I have written a few earlier posts on poverty alleviation, noting that in China more than 800 million people have been lifted out of poverty, or 7 out of 10 in the world. This achievement has been hailed as one of the greatest human rights achievements in history, in which the Chinese Marxist focus on the core human right to socio-economic wellbeing is paramount.

But let us go back to Deng Xiaoping, since I am completing a long chapter on his theory and practice. One of Deng’s major concerns was the heresy of ‘poor socialism’. We find this tradition in Western Europe with the idea of ascetic communism – lambasted already by Marx and Engels. In China, a localised version was promoted for a time during the Cultural Revolution, when some suggested that poor socialism was better than rich capitalism.

Deng Xiaoping would have nothing of this heresy. In 1980, he pointed out: ‘If the economy remains stagnant for a long period of time, it cannot be called socialism. If the people’s living standards remain at a very low level for a long period of time, it cannot be called socialism’.

One of the problems faced by communist revolutions is that they took place in poorer parts of the world, in places that suffered under Western imperialism and colonialism, and were thus held back from economic development. Was capitalism perhaps the answer?

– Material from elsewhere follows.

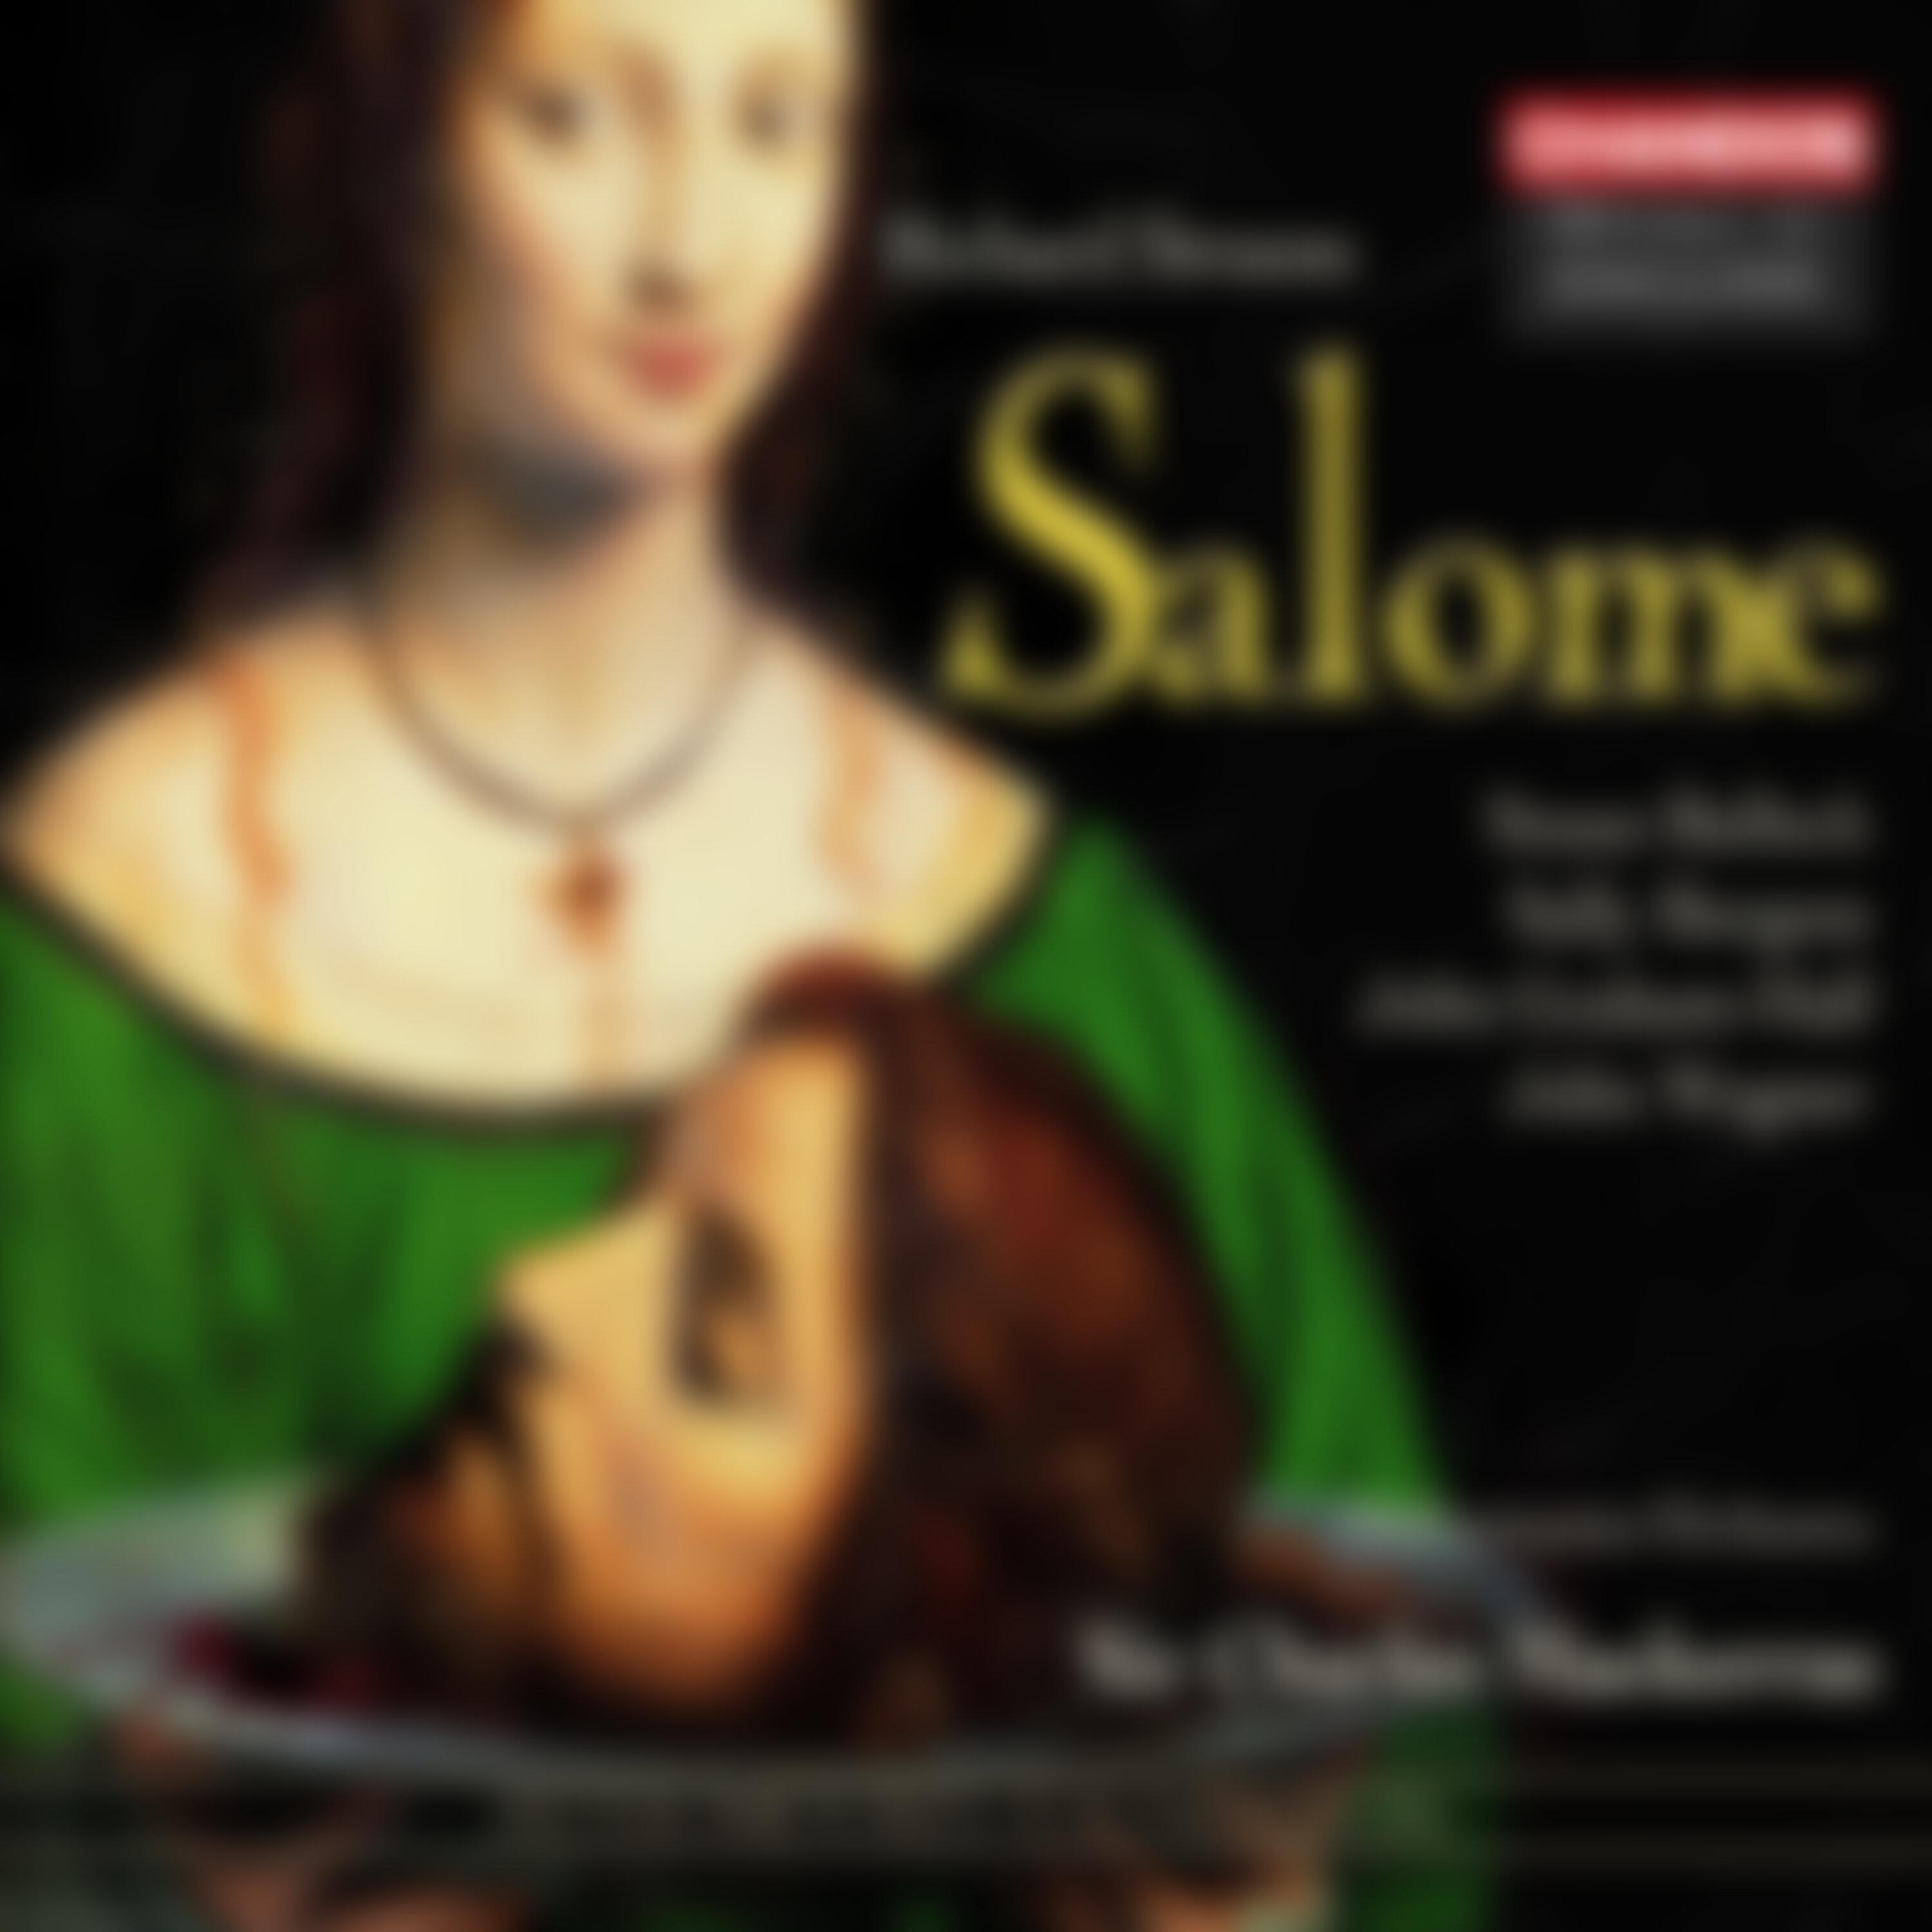 Salome, Op. 54, TrV 215, Scene 4: Salome, just think what you're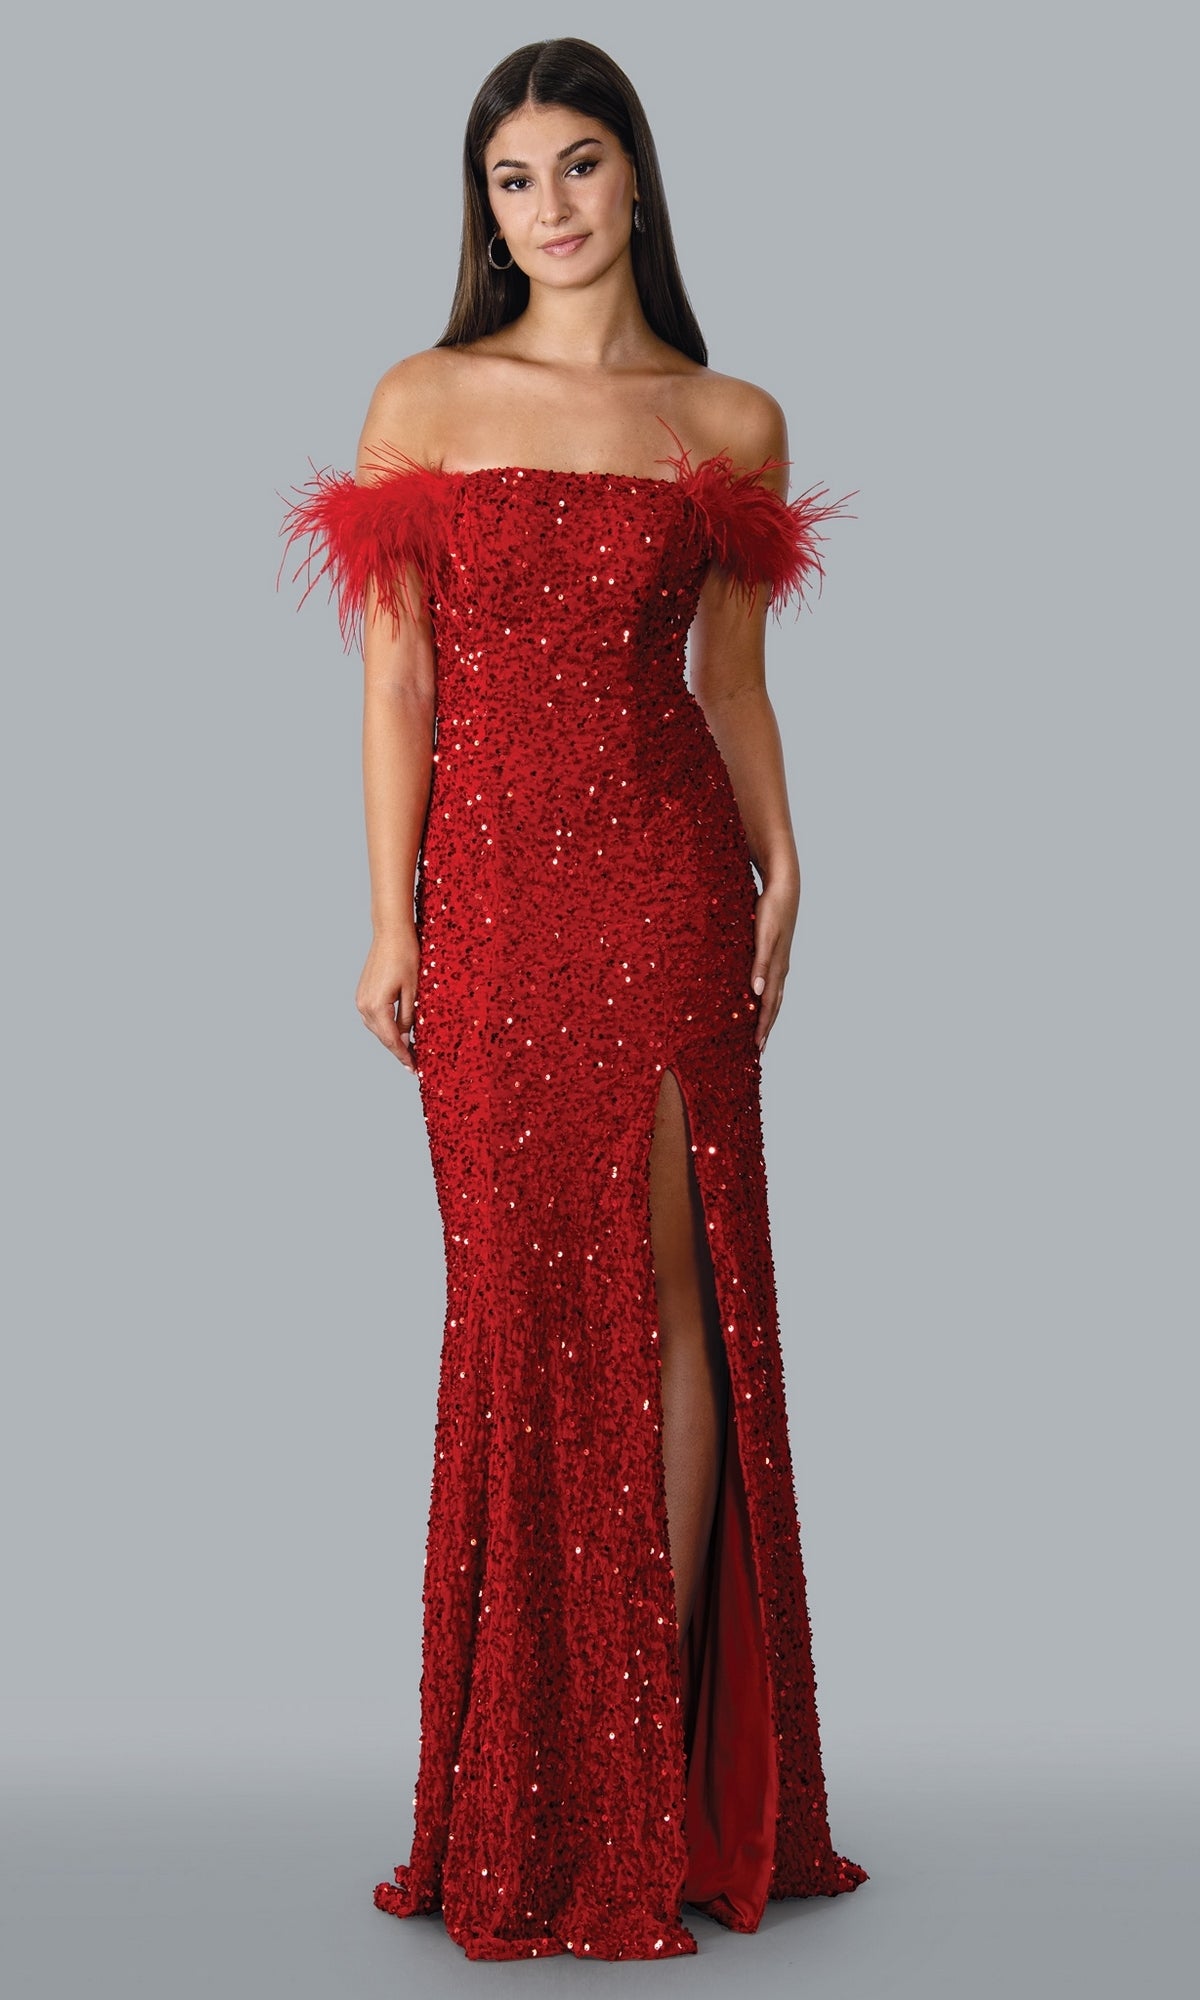 Feathered Off-Shoulder Long Sequin Prom Gown -PromGirl

Deng was very clear: ‘we do not want capitalism, but neither do we want to be poor under socialism [pinqiong de shehuizhuyi]’. Even more: ‘What we want is socialism in which the productive forces are developed and the country is prosperous and powerful’.

In fact, a capitalist system is unable to bring an end to poverty for the majority, so much so that those who have grown up under a capitalist system have come to assume that you will always have the poor with you.

In reply, Deng Xiaoping’s observation in 1984 is especially pertinent

This brings us back to the question of whether to continue on the socialist road or to stop and turn onto the capitalist road. Capitalism can only enrich less than 10 per cent of the Chinese population; it can never enrich the remaining more than 90 per cent … If we were to apply the capitalist principle of distribution, most of the people would remain mired in poverty and backwardness. But the socialist principle of distribution can enable all the people to lead a relatively comfortable life (xiaokang shenghuo). This is why we want to uphold socialism. Without socialism, China can never achieve that goal.

Or as Xi Jinping has stated on countless occasions, ‘no one will be left behind’.

There is plenty of information available on China’s targetted poverty alleviation project, which aims to remove the remaining few millions (about 1 percent) out of poverty by 2021 – with a current cost of 139 billion RMB. But I would recommend the following:

People’s Daily has a webpage devoted to overviews and specific accounts of poverty alleviation.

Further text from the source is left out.